Nitekim, 1980 askerî darbesinden sonra İsrail ile
yakınlaşma yeniden hız kazandı. Bunda, ABD’nin teşvik etmesi kadar, 1979 İran Devrimi’nin de etkisi
büyüktü. İktidarı ele geçiren Molla Rejimi, Türkiye’nin çıkarlarına ters düşen
bir dış politika uygulamaya başladı. İsrail ve Türkiye hem güçlü bir
müttefiklerini kaybetmiş, hem de bölgedeki etkinlik konusunda yeni ve hırslı
bir rakip kazanmışlardı. İsrail ve Türkiye’nin işbirliği daha da önem
kazanmıştı.
Cunta dönemi, Türkiye’yi neoliberal politikaların bir laboratuvarı
hâline getirmekle birlikte, devlet aklını İsrail lehine çevirdi. Cuntacılar
açısından bu işbirliği son derece kârlıydı. İsrail, 1982 Lübnan İşgali
sonrasında, cuntanın ASALA yöneticilerini öldürmek için neofaşist katilleri
görevlendirdiği bir dönemde, Lübnan’daki ASALA kamplarında elde ettiği
bilgileri Ankara’ya bildiriyor, ABD’ndeki AIPAC
veya Jewıish Institute for National
Securtiy Affairs gibi silah ve Musevî lobileri, 1989’da olduğu gibi, ABD
Senatosu’nda »Ermeni Soykırımı Tasarısı«nın kabul edilmesinin engellenmesini
sağlıyorlardı.
İsrail’le olan işbirliği, 1990’lı yıllarda daha da
derinleştirildi, ki uzmanlar 1980ler ve 1990ların İsrail-Türkiye ilişkilerinde
»Altın Çağ« olduğunu belirtirler. 1991’den itibaren karşılıklı olarak yeniden
büyükelçi atanmasını, çeşitli iktisadî ve askerî antlaşmalar izledi. 1994’de
hava kuvvetleri arasında pilot eğitimi üzerine bir antlaşma, 1996’da da askerî
işbirliği üzerine kapsamlı bir antlaşma imzalandı. Askerî İşbirliği Antlaşması,
bizzat dönemin Genelkurmay Başkanı İsmail
Hakkı Karadayı tarafından İsrail’de imzalandı.

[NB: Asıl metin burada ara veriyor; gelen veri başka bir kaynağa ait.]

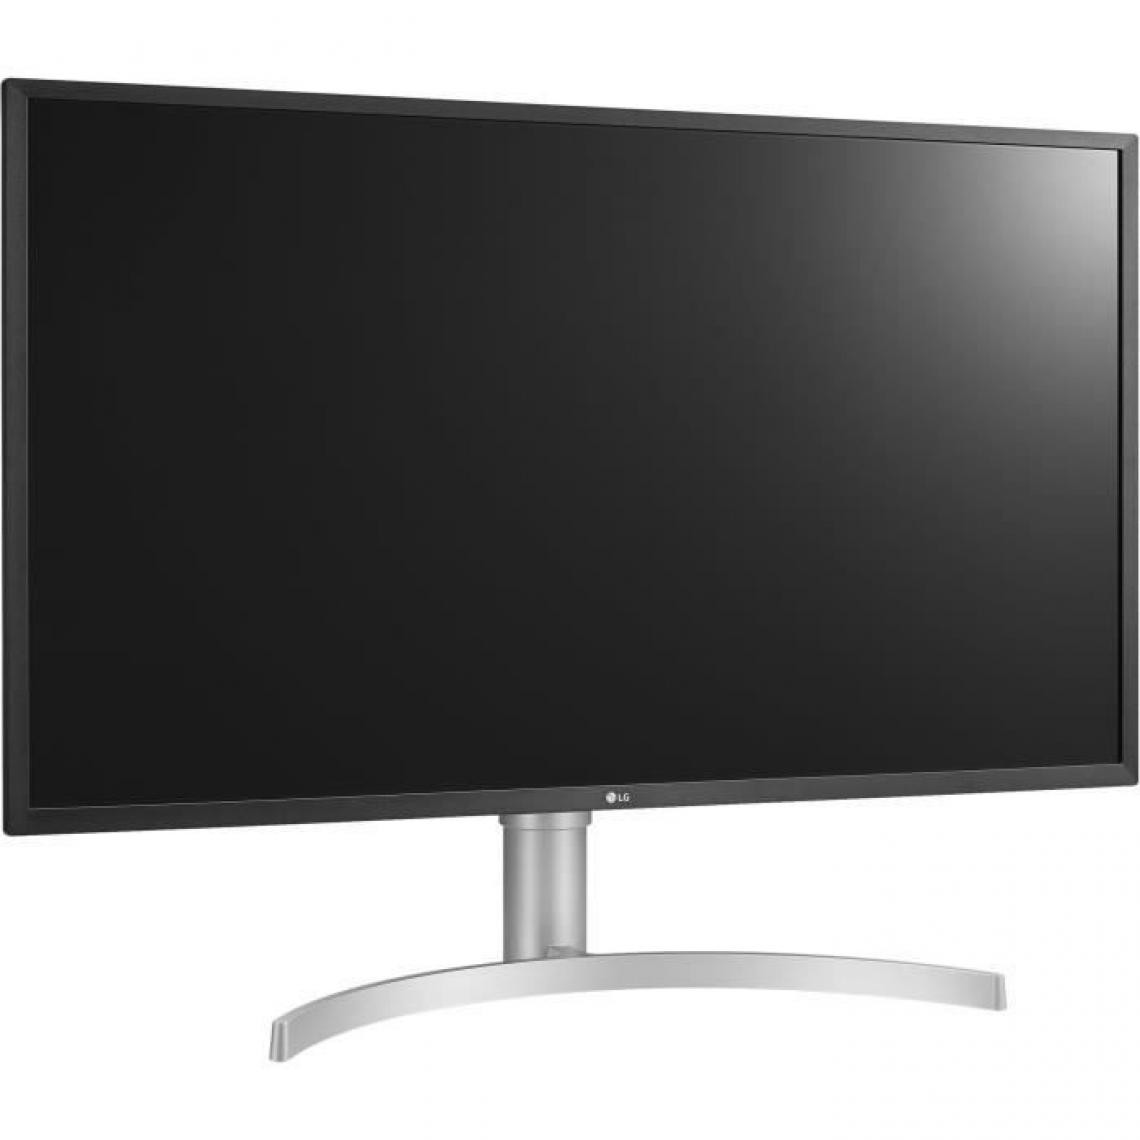 LG - Ecran PC - LG - 32UL750 - 32 4K - Dalle VA - 4 ms - 60 Hz - 2 x HDMI / DisplayPort - AMD FreeSync - Moniteur PC

Daha sonraları, 1998’de, ABD-İsrail-Türkiye Stratejik
Partnerliği’ne dönüşen işbirliği, İsrail’e para kazandırıyor, Türkiye’deki
askerî vesayet rejimine ise silahlı kuvvetlerini modernize etme olanağı veriyordu.
İsrail Türk F-4 ve F-5 jetlerinin modernizasyonunu üstlendi ve TSK’ne Phyton-4
roketleri, Popey hava-kara roketleri,
Arrow roketsavar sistemleri ve saldırı helikopterleri için gece görüş
sistemleri sattı. Oluşturulan ortak Stratejik
Çalışma Grubu sadece ortak tatbikatları organize etmekle kalmıyor, aynı
zamanda istihbarat işbirliğini de derinleştiriyordu.

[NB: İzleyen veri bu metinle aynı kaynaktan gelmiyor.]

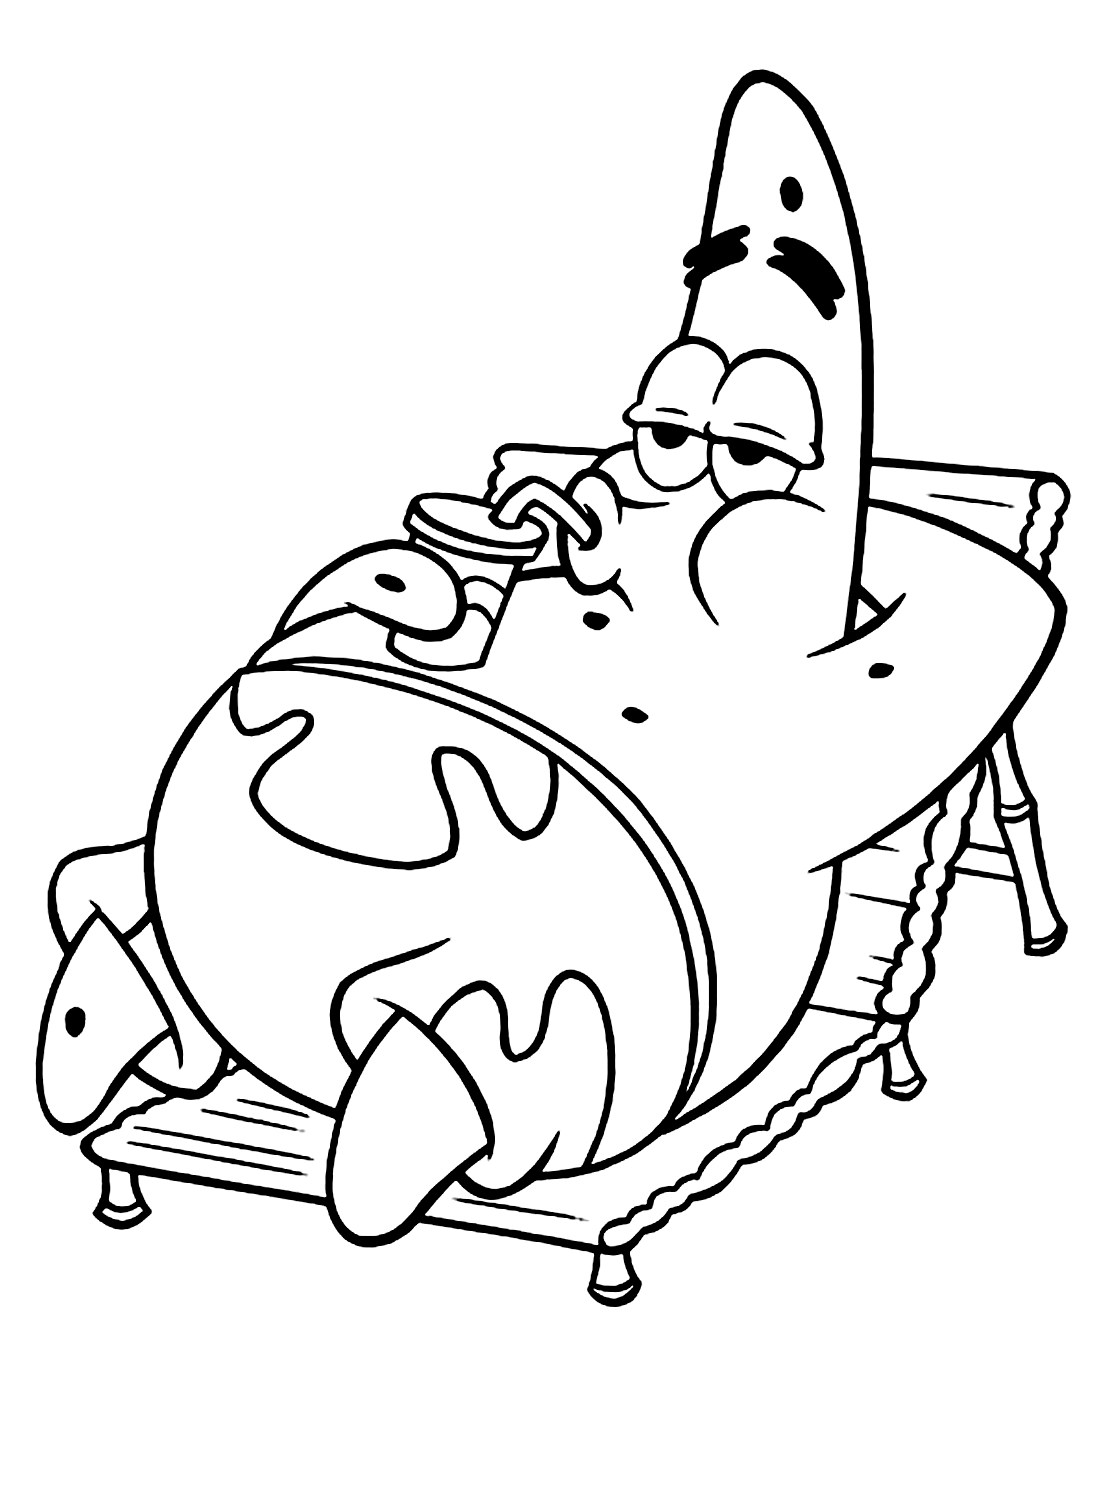 Entspannendes Patrick-Farbbild von Spongebob

1997’de İsrail ve Türkiye »diplomatik namlularının« ucunu
Suriye’ye çevirdiler. 1997 Mayıs’ında dışişleri bakanları Turan Tayan ve Yitzhak Mordechai
birlikte yaptıkları açıklamada Suriye’yi »terörizmi
desteklemekle« suçladılar. Suriye üzerinde artırılan baskı, Suriye’nin Kürt
halk önderi Abdullah Öcalan’ı
yurtdışına çıkmaya zorlamasına neden oldu. Ardından 1999’da ABD ve İsrail gizli
servislerinin ortak operasyonu ile Öcalan Kenya’da kaçırıldı ve Türkiye’ye
teslim edildi. İsrail, Türkiye’ye olan desteğini dışpolitikada da gösteriyordu:
1999’da Bakü-Tiflis-Ceyhan boru
antlaşmasının imzalanması esnasında, İsrail projeyi desteklediğini açıkladı.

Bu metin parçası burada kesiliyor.